AWS Capacity Reservations for ML Workloads¶

⚠️ Critical Requirement for Modern GPUs¶

IMPORTANT: AWS Capacity Reservations are not optional for modern NVIDIA GPU instances. They are effectively required to get access to recent GPU hardware (P5, P4d, P4de, G6e).

Reality of AWS GPU Availability (October 2025): - P6.48xlarge (Blackwell B200): Latest generation, Capacity Reservations required - P5e.48xlarge (H200 141GB): Capacity Reservations required - P5.48xlarge (H100 80GB): Virtually impossible without Capacity Reservations - P4de.24xlarge (A100 80GB): Capacity Reservations required in most regions - P4d.24xlarge (A100 40GB): Extremely limited on-demand availability - G6e.48xlarge (L40S): Better availability but still constrained during peak - G6.48xlarge (L4): More available but still benefits from reservations

Without Capacity Reservations: - InsufficientInstanceCapacity errors are the norm, not the exception - May wait hours/days for spot instances to become available - On-demand launches fail even when willing to pay full price - Cannot plan or schedule research workloads with confidence

With Capacity Reservations: - Guaranteed access to reserved capacity - Launch instances immediately when needed - Can schedule and plan research timelines - Essential for any serious ML/AI research

Conclusion: For ORCA to be viable for GPU-intensive research, Capacity Reservations support must be a top priority, not a "nice to have" feature.

What are Capacity Reservations?¶

On-Demand Capacity Reservations (ODCRs)¶

On-Demand Capacity Reservations let you reserve compute capacity for your EC2 instances in a specific Availability Zone for any duration.
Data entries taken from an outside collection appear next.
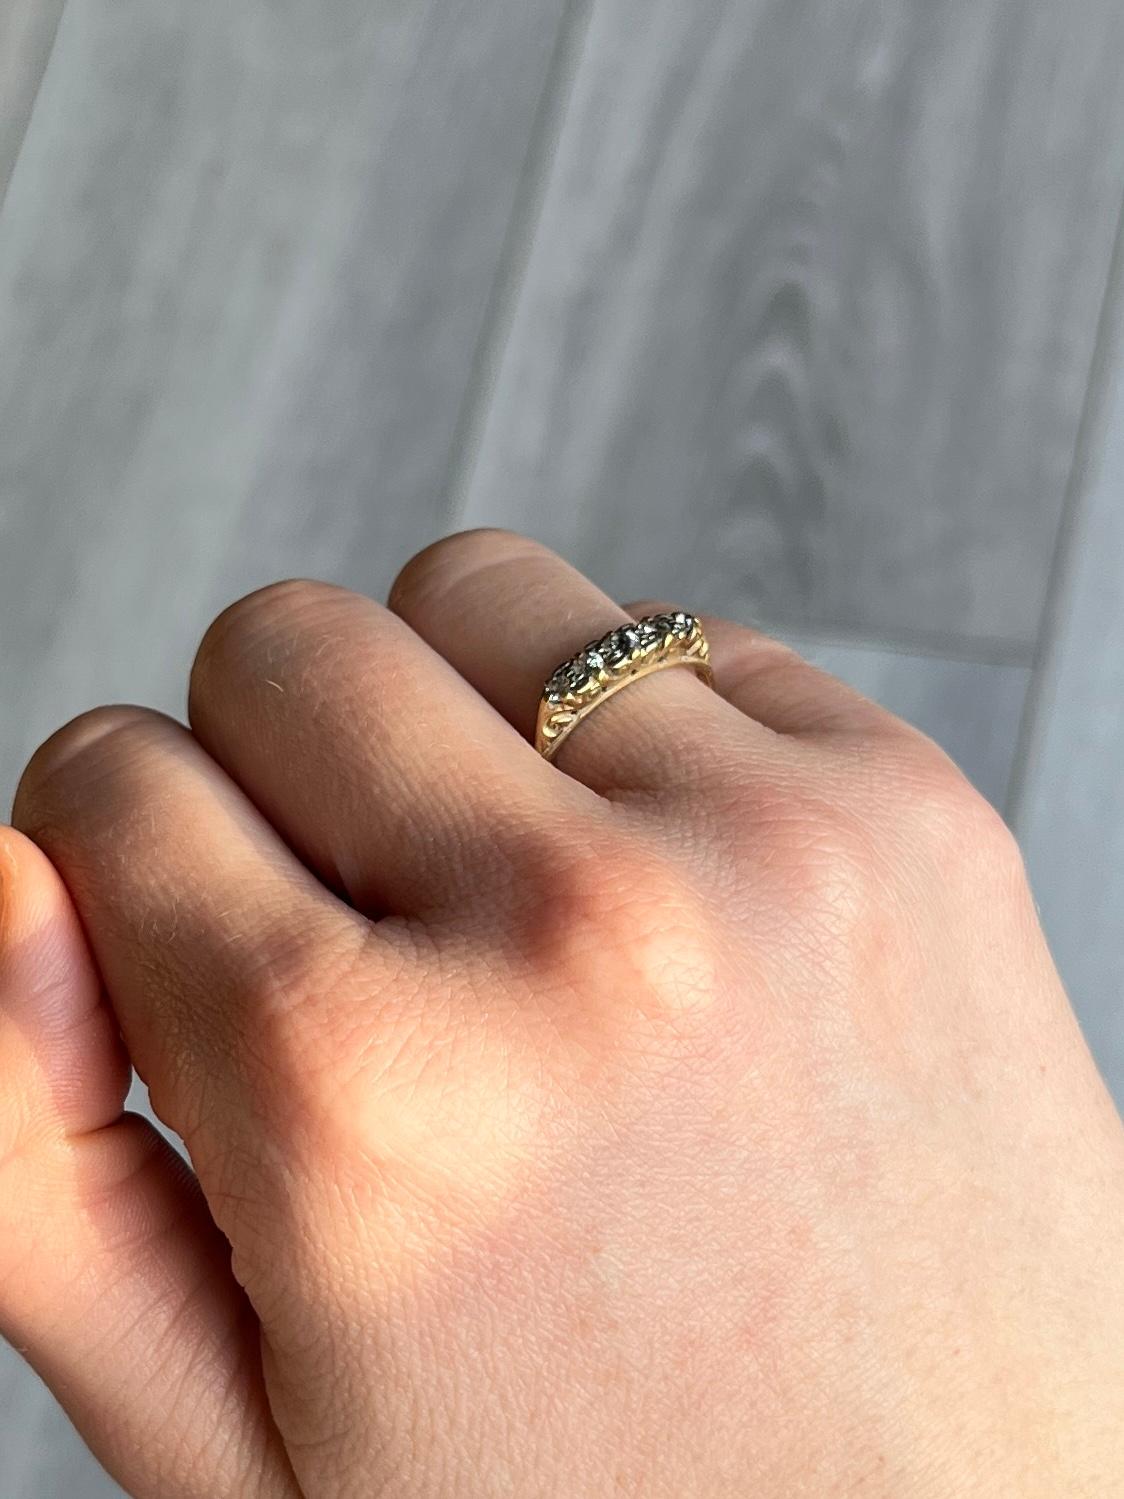 Five bright glistening diamonds sit fabulously on top of a simple open work setting modelled in 18ct gold. The diamonds total 30pts. 

Ring Size: K or 5 1/4
Face Width: 4mm
Height Off Finger: 3.5mm

Weight: 2g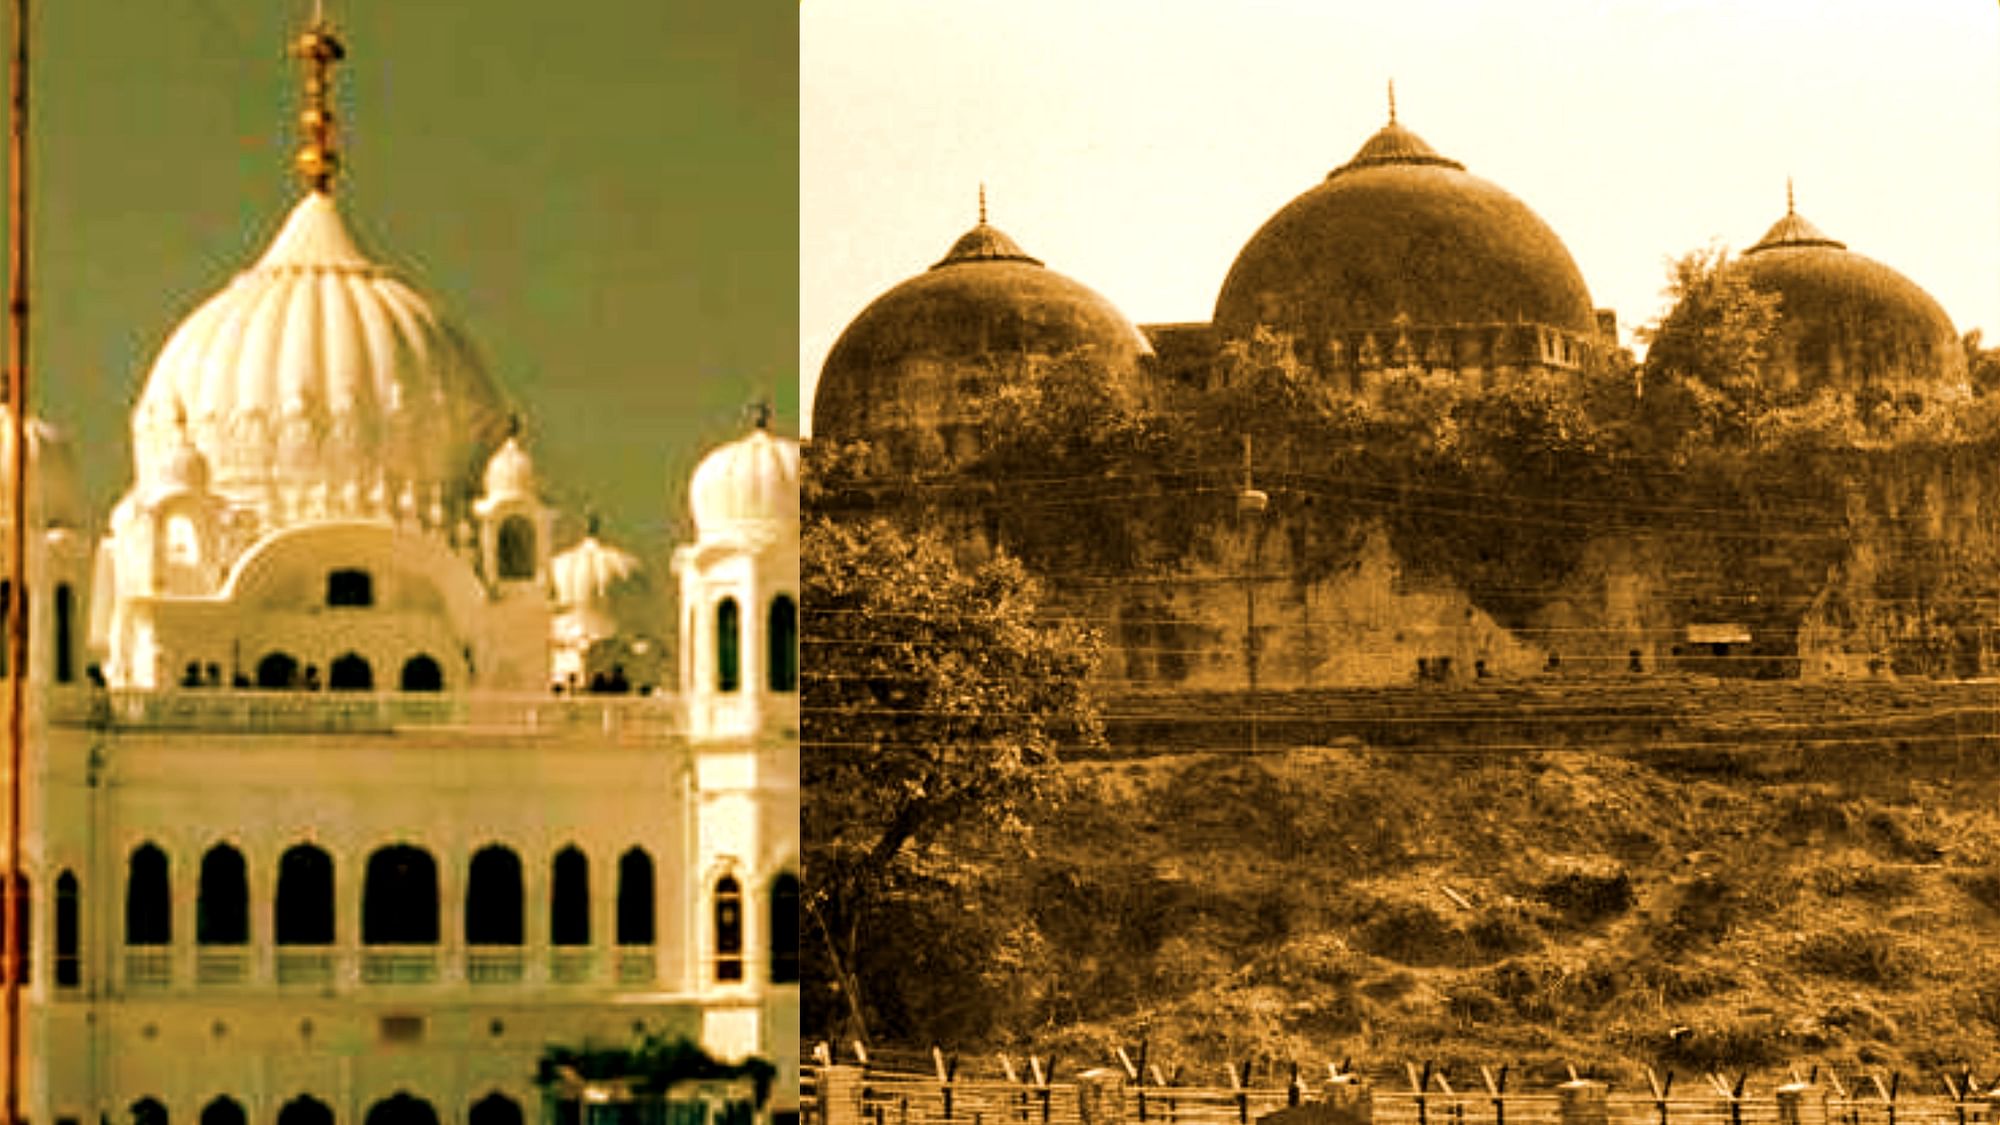 Ayodhya verdict and Kartarpur Corridor opening: We can either move in the direction of reconciliation – both Hindu-Muslim reconciliation and India-Pakistan normalisation – or we can slide back into the morass of perpetual conflict . 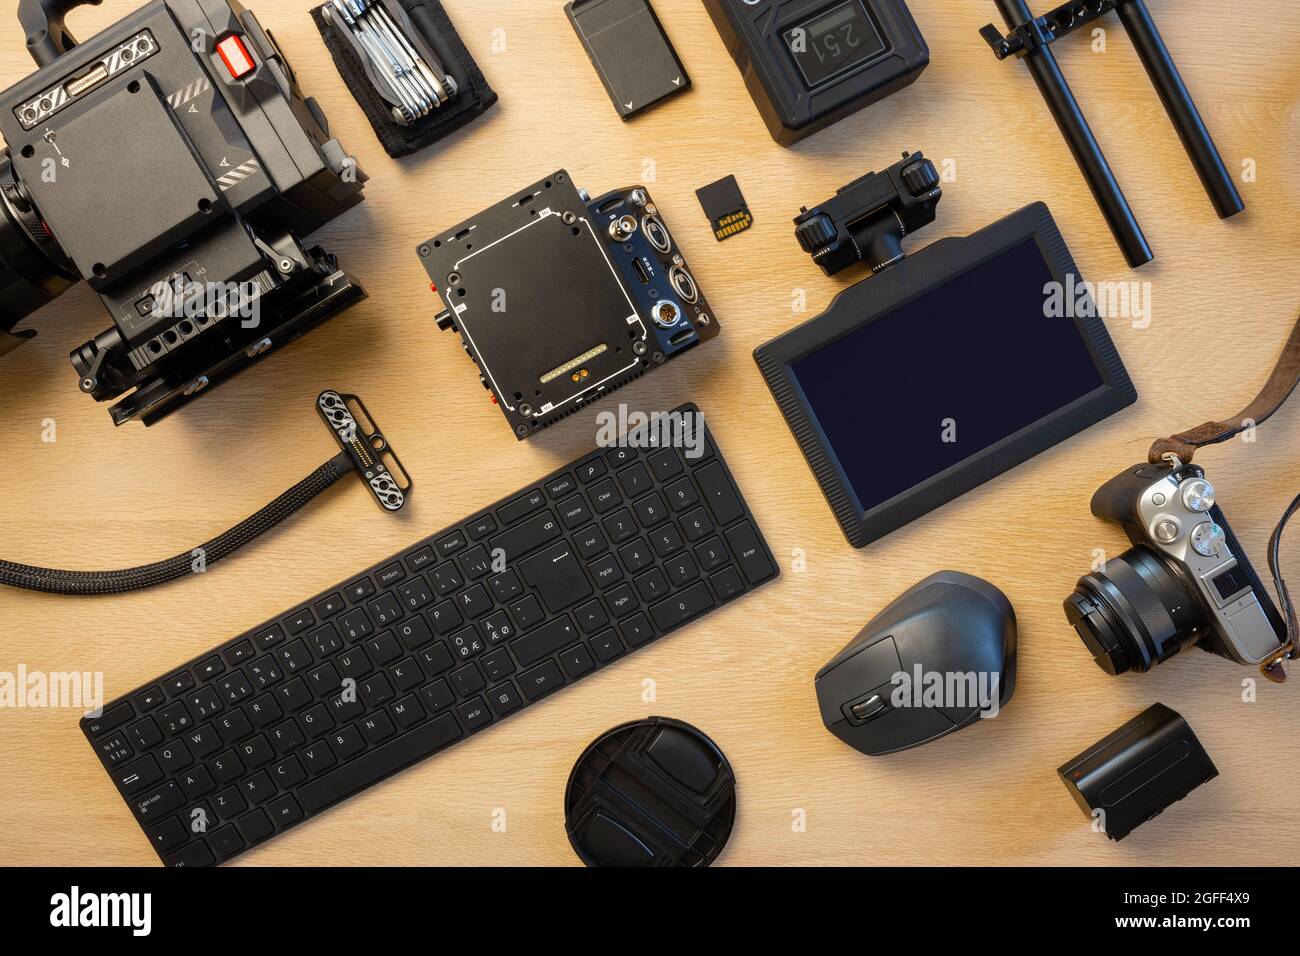 Flat lay of filming equipment with computer parts on table Stock Photo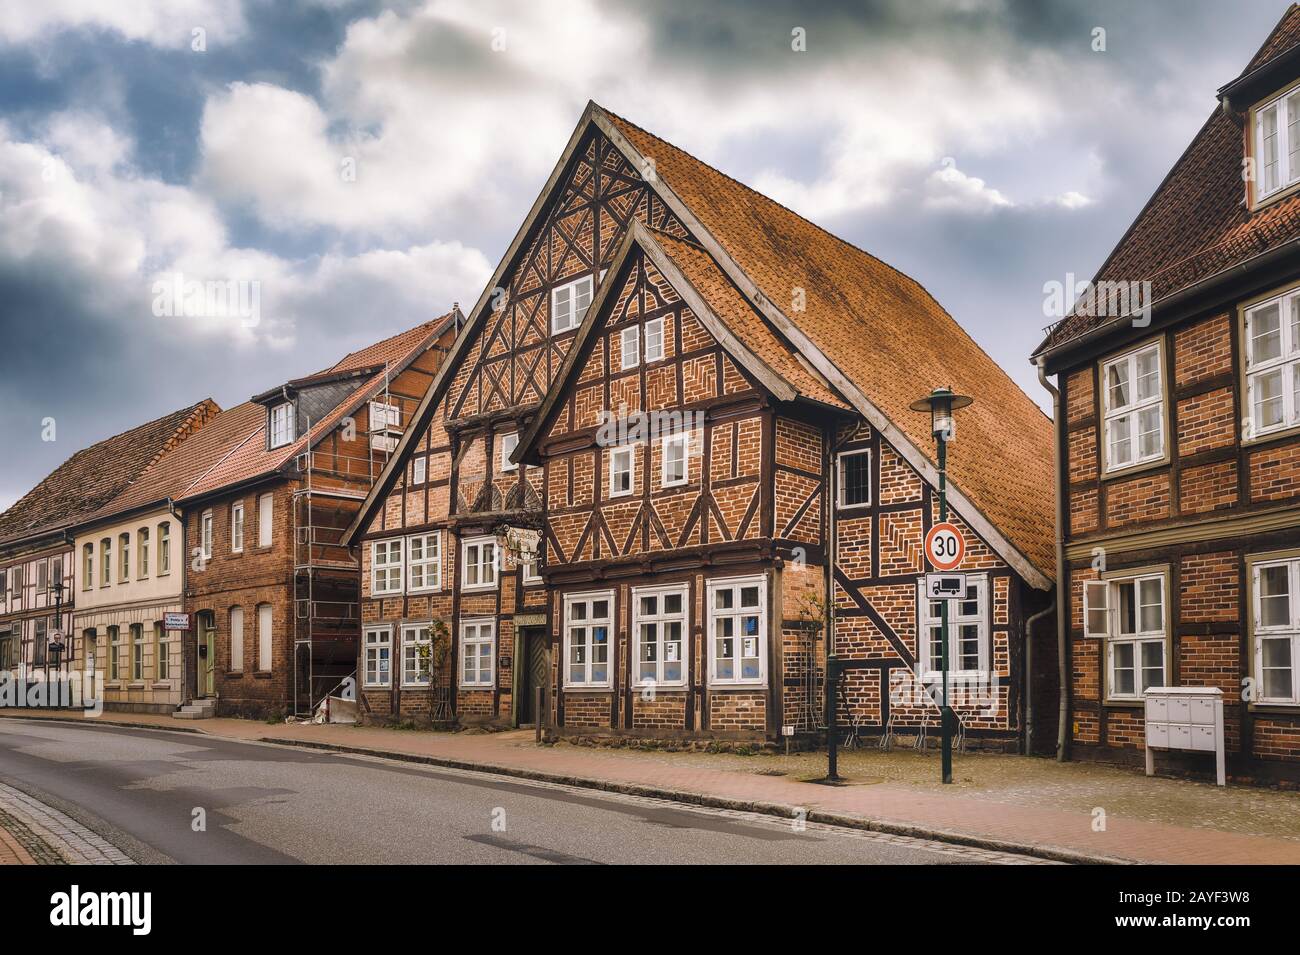 Old half-timbered houses on the main street Stock Photo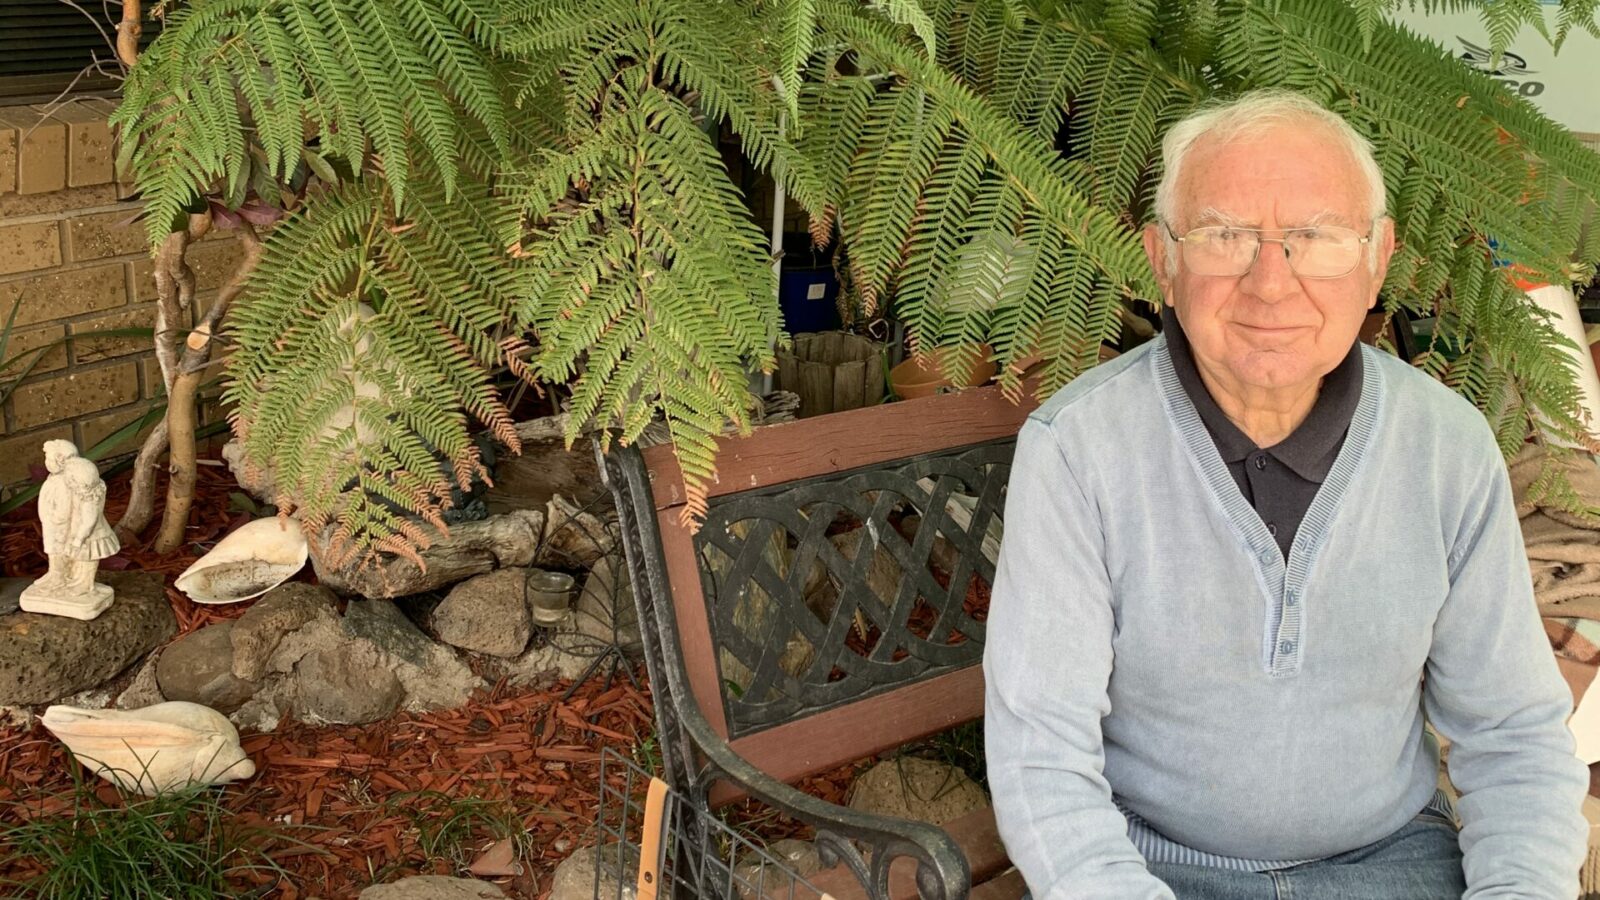 Elderly gentleman sitting on a bench in front of ferns and garden ornaments.

This ensures you have access to instances when you need them.

Key Benefits: - Guaranteed Availability: Reserve P5, P4d, or other GPU instances in advance - No Commitment: Can be created/canceled anytime (billed when active) - Combine with Savings Plans: Use reserved capacity with spot pricing - Avoid "InsufficientInstanceCapacity": Never fail to launch due to capacity constraints

Capacity Blocks for ML¶

Capacity Blocks for ML provide reserved GPU capacity for future, defined time periods (days or weeks in advance).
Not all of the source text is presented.